Roumanille, when reading the manuscripts of Saboly in the library at Avignon, was struck by the good effect of our language when written in the old style employed by the ancient troubadours. He wished, young as I was, to have my help in restoring the true orthography, and in perfect accord concerning the plan of reform, we boldly started in to moult, as it were, and renew the skin of our language. Instinctively we felt that for the unknown work which awaited us in the future we should need a fine tool, a tool freshly ground. For the orthography was not all. Owing to the imitative and middle-class spirit of prejudice, which unfortunately is ever on the increase, many of the most gritty words of the Provençal tongue had been discarded as vulgar, and in their place, the poets who preceded the Félibres, even those of repute, had commonly employed, without any critical sense, corrupt forms and bastard words of uneducated French. Having thus determined, Roumanille and I, to write our verses in the language of the people, we saw it was necessary to bring out strongly the energy, freshness, and richness of expression that characterised it, and to render the pureness of speech used in districts untouched by extreme influences.
Even so the Roumanians, the poet Alexander tells us, when they wished to elevate their national tongue which the bourgeois class had lost or corrupted, went to seek it out in the villages and mountains among the primitive peasants.
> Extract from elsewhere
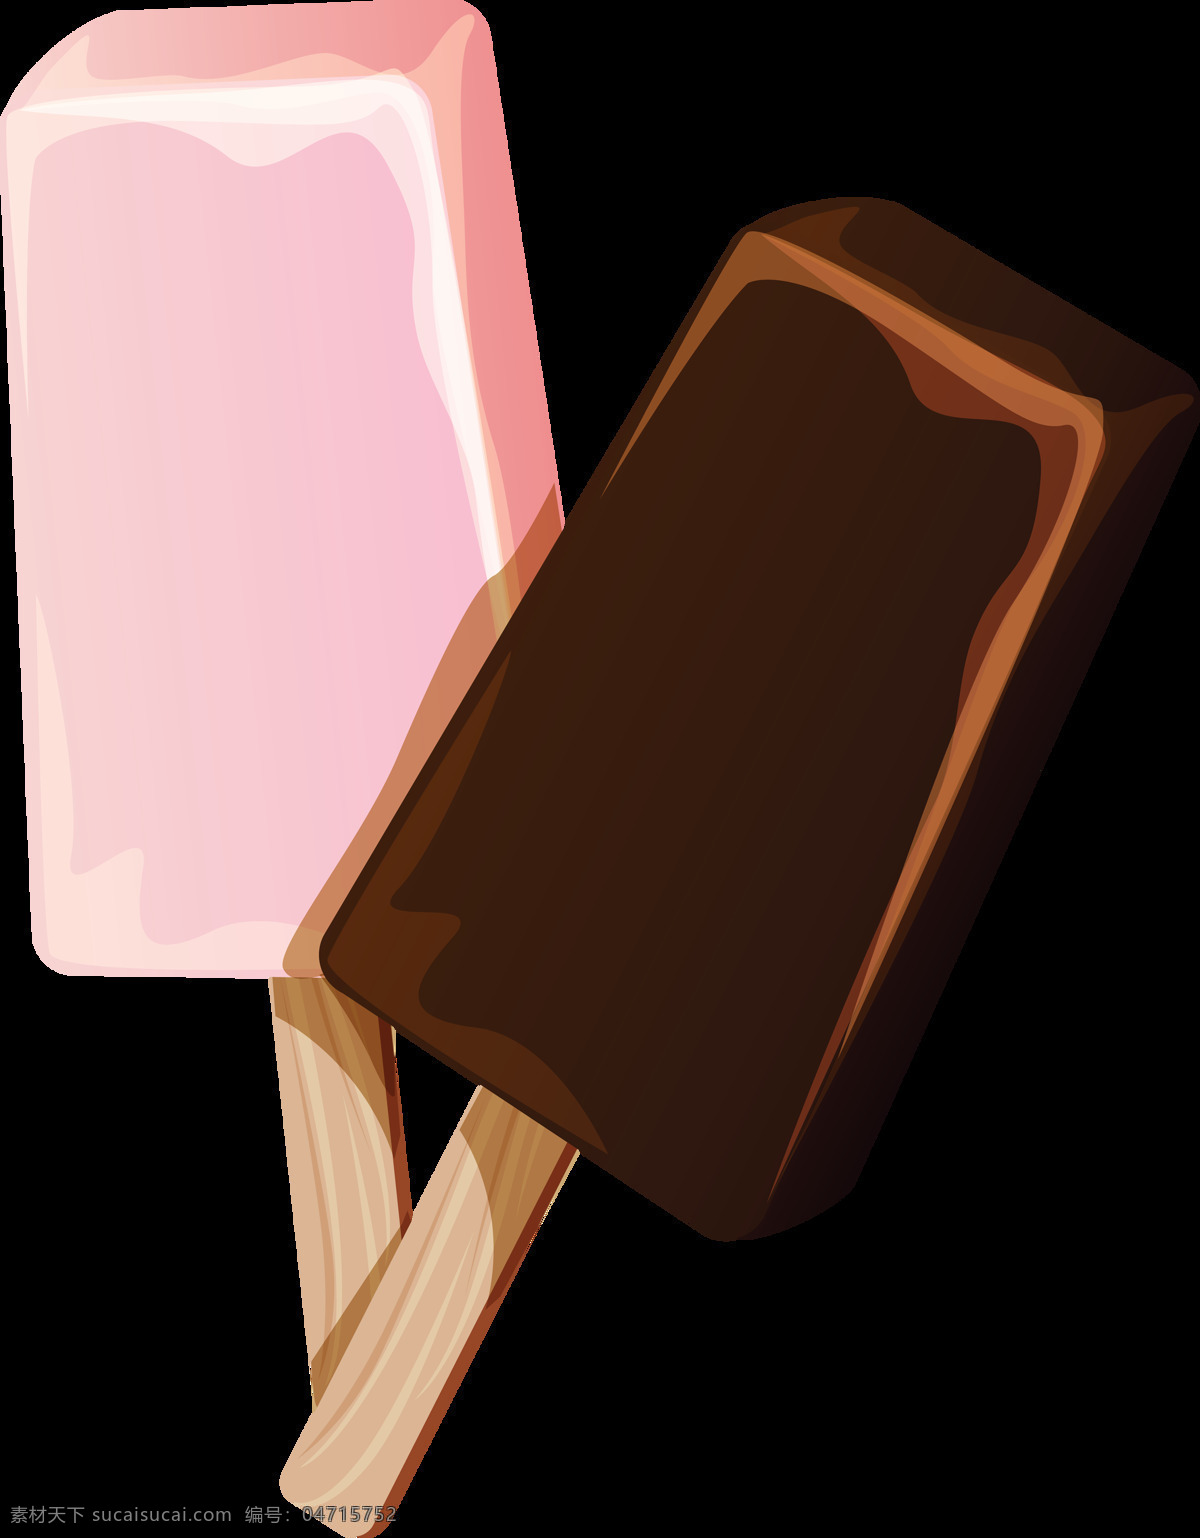 雪糕 冰淇淋 免 抠 透明 图 层 冰激凌素材 夏季海报元素 巧克力冰淇淋 夏季 海报 奶油冰淇淋 冰淇淋广告 冰激凌图片 冰淇淋图片 冷饮广告素材 广告

In order to conform the written Provençal as much as possible to the pronunciation in general use in Provence, we decided to suppress certain letters or etymological finals fallen into disuse, such as the “s” of the plural, the “t” of the particle, the “r” of the infinitive, and the “ch” in certain words like “fach,” “dich,” “puech,” &c.
But let no one think that these innovations, though they concerned none save a small circle of patois poets, as we were then called, were introduced into general usage without a severe struggle. From Avignon to Marseilles, all those who wrote or rhymed in the language contested for their routine or their fashion, and promptly took the field against the reformers. A war of pamphlets containing envenomed articles between these opponents and we young Avignons continued to rage for many years.
At Marseilles, the exponents of trivialities, the white-beard rhymesters, the envious and the growlers assembled together of an evening behind the old bookshop of the librarian Boy, there bitterly to bewail the suppression of the “s” and sharpen their weapons against the innovators.
Roumanille the valiant, ever ready to stand in the breech, launched against the adversaries the Greek fire we were all diligently employed in preparing in the crucible of the Gai-Savoir. And because we had on our side, not only a just and good cause, but faith, enthusiasm, youth—and something else besides—it ended in our being, as I will show you later, victors on the field of battle.
But to return to the school of Monsieur Dupuy.
One afternoon we were in the courtyard, playing at “Three jumps,” when in our midst appeared a new pupil. He was tall and well made, with a Henri IV. nose, a hat cocked to one side, and an air of maturity heightened by the unlit cigar in his mouth. His hands thrust in the pockets of his short coat, he came up just as if he were one of us.
“Well, what are you after?” said he. “Would you like me to see if I can do these three jumps?”
And without more ado, light as a cat, he took a run and went three hands beyond the highest jump that had been touched. We clapped him, and demanded where he had sprung from.